Conflict of interest policy: As fiduciaries, board members have a Duty of Loyalty to the organization and should disclose any conflicts of interest and abstain from voting on matters. For example, if your organization’s treasurer also works for an accounting firm, s/he should disclose that on the conflict of interest form. That way, when it is time to find an auditor for the organization, it is known the treasurer works for an entity that could benefit from completing the organization’s audit and s/he will abstain from voting on the matter. A conflict of interest policy should define what a conflict is, how it should be managed, and what action is taken if someone fails to comply with the policy.
Robert’s Rules of Order training: Robert’s Rules of Order is a manual that provides parliamentary procedure and is utilized by most board of directors. Robert’s Rule of Order were developed to ensure meetings are fair and orderly. A nonprofit board of directors should employ Robert’s Rule to ensure all board members are heard on matters. Training on Robert’s Rules of Order is important as most board chairs do not use Robert’s Rules regularly and the efficiency of board meetings can be significantly helped when the board knows how to properly employ Robert’s Rules. Boards and organizations can take part in online trainings or have a consultant conduct an in-person training. The Oklahoma Center for Nonprofits can help member nonprofits find a qualified trainer.

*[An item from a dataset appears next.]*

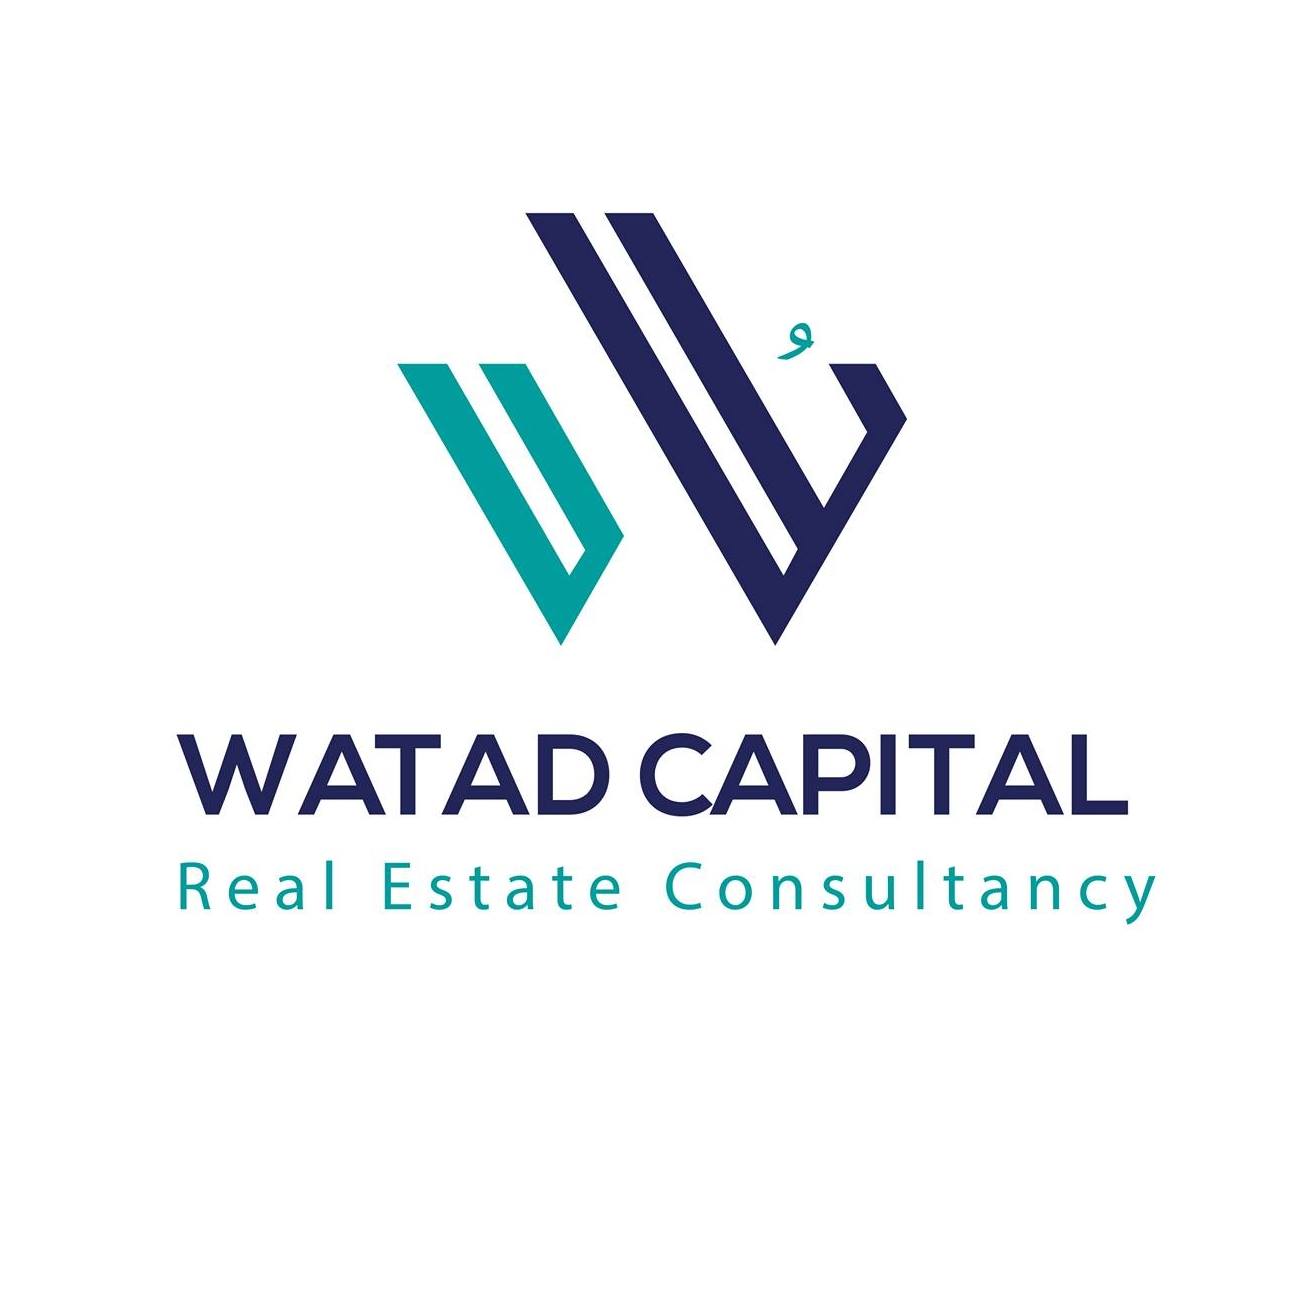 Watad Capital Real Estate

Board term limits: As mentioned above, board terms limits should be contained in the organizational bylaws. Why is it important to have and enforce board term limits? Having a long-standing, knowledgeable board member can be valuable to an organization, but in order to provide new perspectives, strategic approaches, and fresh oversight, regularly bringing on new board members is necessary. Good board members will take their duties as a fiduciary seriously, exhibit servant leadership, and follow policies and procedures. If your board is failing to enforce board terms limits (which should be specified in bylaws or board policies), they are failing to complete their duties of fiduciaries. The board and organization should ensure board term limits are set along with the number of terms a board member can serve consecutively. Board policies or organizational bylaws should also contain a written process for resigning and reasons for removal from the board. Development and enforcement of board term policies allow organizations to continue their growth, outreach within the community, provide board members with breaks to avoid burn-out and show funders the organization’s board takes their fiduciary duties seriously.
Officer and committee descriptions: Board members can only be as effective as their job description is written. Officer and Committee duties should be contained in the organizational bylaws, but boards can help further define expectations by creating detailed descriptions. Officer positions are vital to the board’s functioning, and a comprehensive description of their duties not only provides valuable direction to the members of those committees, but reflects the detailed needs of the organization.
This list of guiding documents is not exhaustive. Boards need many other documents to effectively do their jobs.
When a new board member joins your organization’s board the board handbook provided at orientation should include financials, an organizational chart, welcome letter, and other documents the board deems necessary like a meeting schedule or recent agendas and minutes. Ensuring your organization provides a comprehensive board orientation and regularly reviews the above documents will help your board evaluate necessary documents and language use specific to your organization’s needs.